9The reduplication visible in (16) is an instance of initial change, a morphological process common in Algonquian languages that marks certain aspects. In Arapaho, it manifests itself as infixation of -Vn- or lengthening. Since this process is irrelevant for the topic discussed in this paper, I will not dedicate much attention to it.
10Clusters that involve /j/ are not repaired by epenthesis, but by deletion (19-a). -en- in (19-b) is again an instance of initial change.
11The change /ne-w/ → [non] is morpheme specific and affects w-initial roots prefixed with the 1st person singular possessive prefix.

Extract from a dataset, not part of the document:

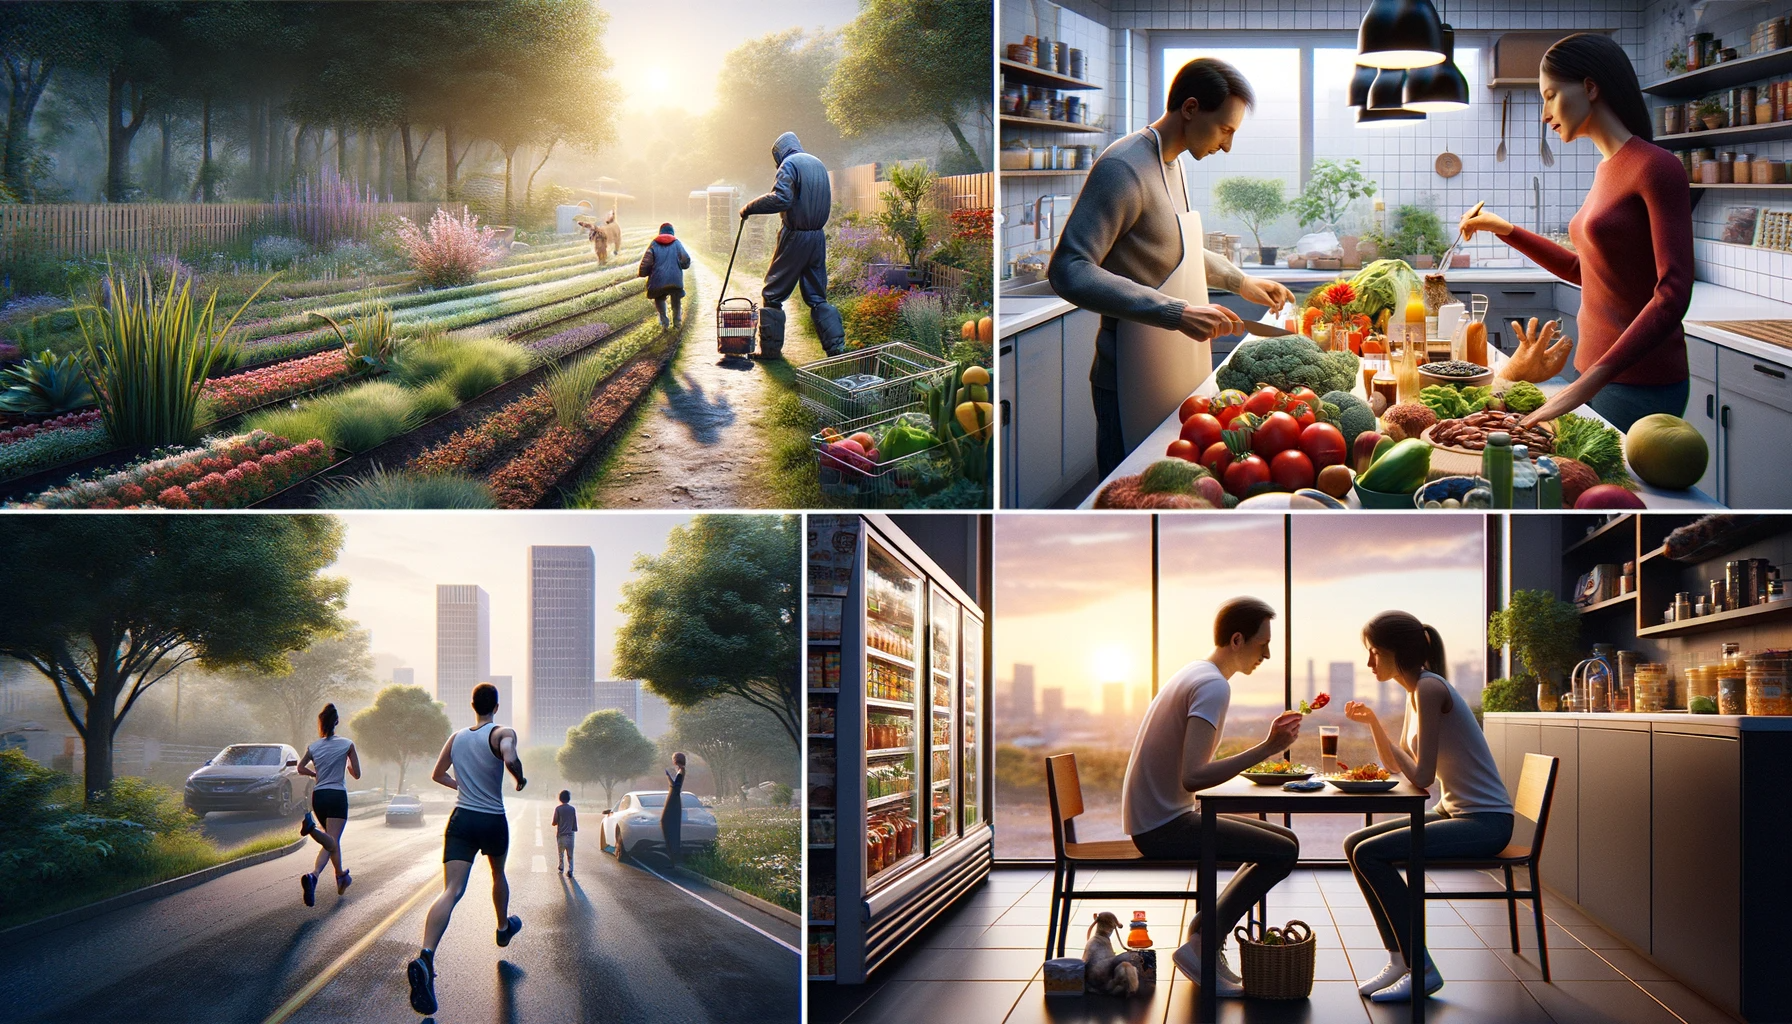 Photorealistic collage, showing different scenes from daily life, each capturing a unique aspect of everyday activities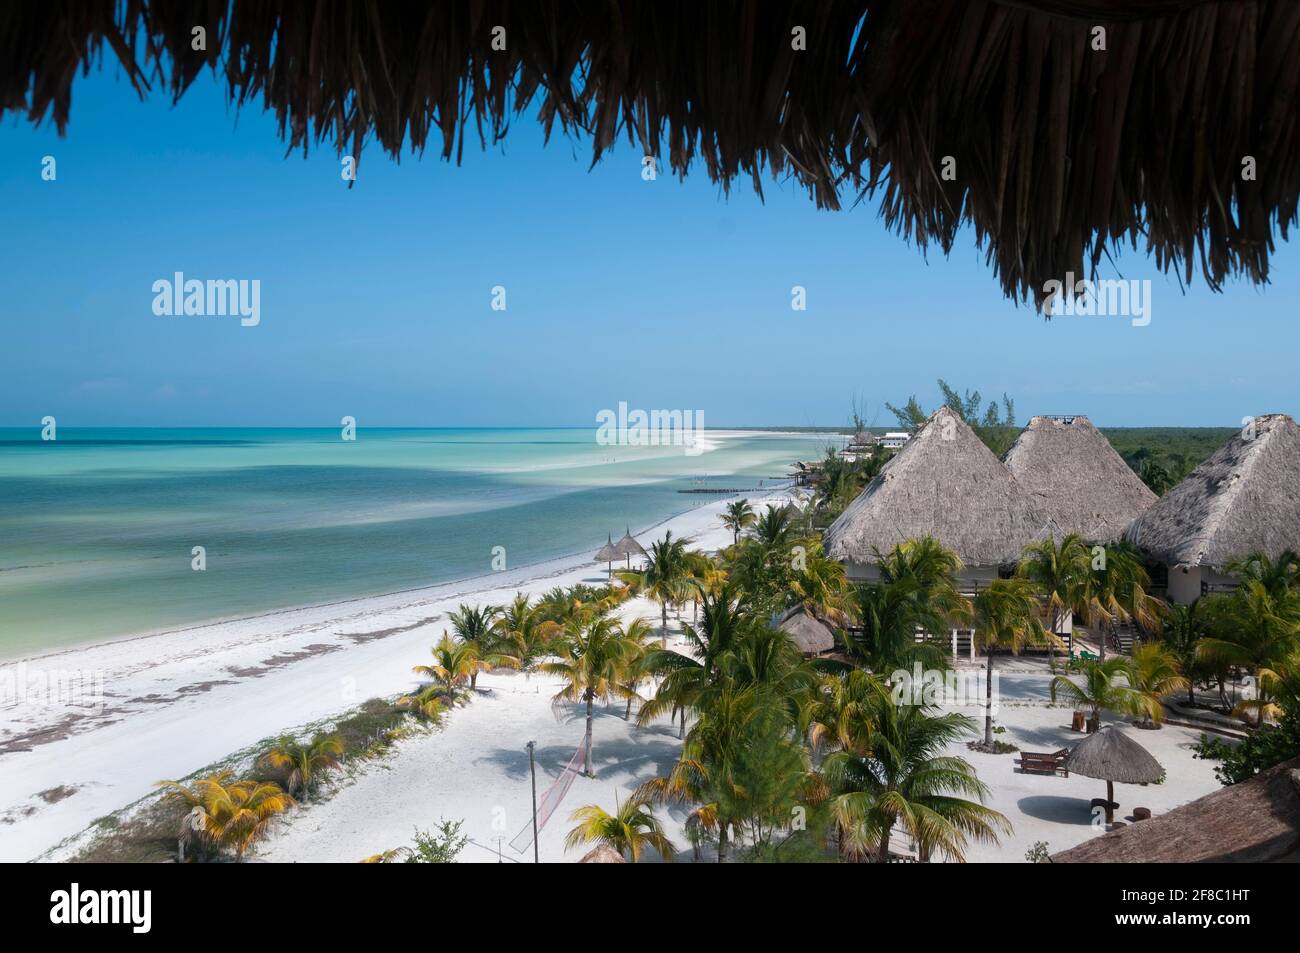 Panoramic view of a beach on Holbox Island in Mexico, with white sand, palm trees, and thatched huts. The perfect destination Stock Photo

12(22-b) shows yet another process of Arapaho, diphthongisation of long vowels across ʔ.
13Unlike floating high tones, it never creates falling surface tones. The reason for this is unclear.
14As we see throughout the paper, many word-internal clusters exist on the surface due to the deletion of the (epenthetic) vowel. hC cluster however do not show any signs of repair, that is even if followed by a floating high tone, there is no epenthetic vowel: /nih-ʔHoosóó-ʔ → [níhʔoosóóʔ] ‘it was fancy’ (Cowell & Moss 2008: 26).
15Nasal-glide clusters are resolved by deletion of the nasal: /en-jóón-eet/ → heejóóneet ‘s/he has long legs’ (Cowell & Moss 2008: 16).
16A more precise formulation would be a constraint against codas with place features or the feature [-cont], since the glottal fricative [h] is a licit coda.
17Under this definition, it is important to assume that low tone TBUs are indeed underlyingly specified. However, the definition can be easily changed so that it includes faithfulness to tonelessness, compare Tranel (1995).
18The no- prefixation/reduplication in (46), (47) and (48) is again an instance of Initial Change.
19This could also be analysed as coalescence. However, /j/ is also deleted after non-paltalisable consonants, e.g. /tóxuʔ-jóó-ʔ/ → [tóxuʔóóʔ] ‘it is sharp’ (Cowell & Moss 2008: 22).
20Of course, much more has to be said about develarisation: why is a new place features inserted instead of debuccalisation? Why is it sometimes blocked by a preceding [o]? Why do the triggers [e,i,j] seem to have diverging strength, in the unexpected order j > e > i?
For invaluable feedback at various stages of this work, I wish to thank Eva Zimmermann, Jochen Trommer, Jelena Stojković, Ezer Rasin and Asia Zaleska. I would also like to thank the audiences of OCP 15 in London and GLOW 41 in Budapest for fruitful discussions, as well as three anonymous reviewers for Glossa. This work was completed as part of DFG research training group Interaction of Grammatical Building Blocks (GRK 2011).
The author has no competing interests to declare.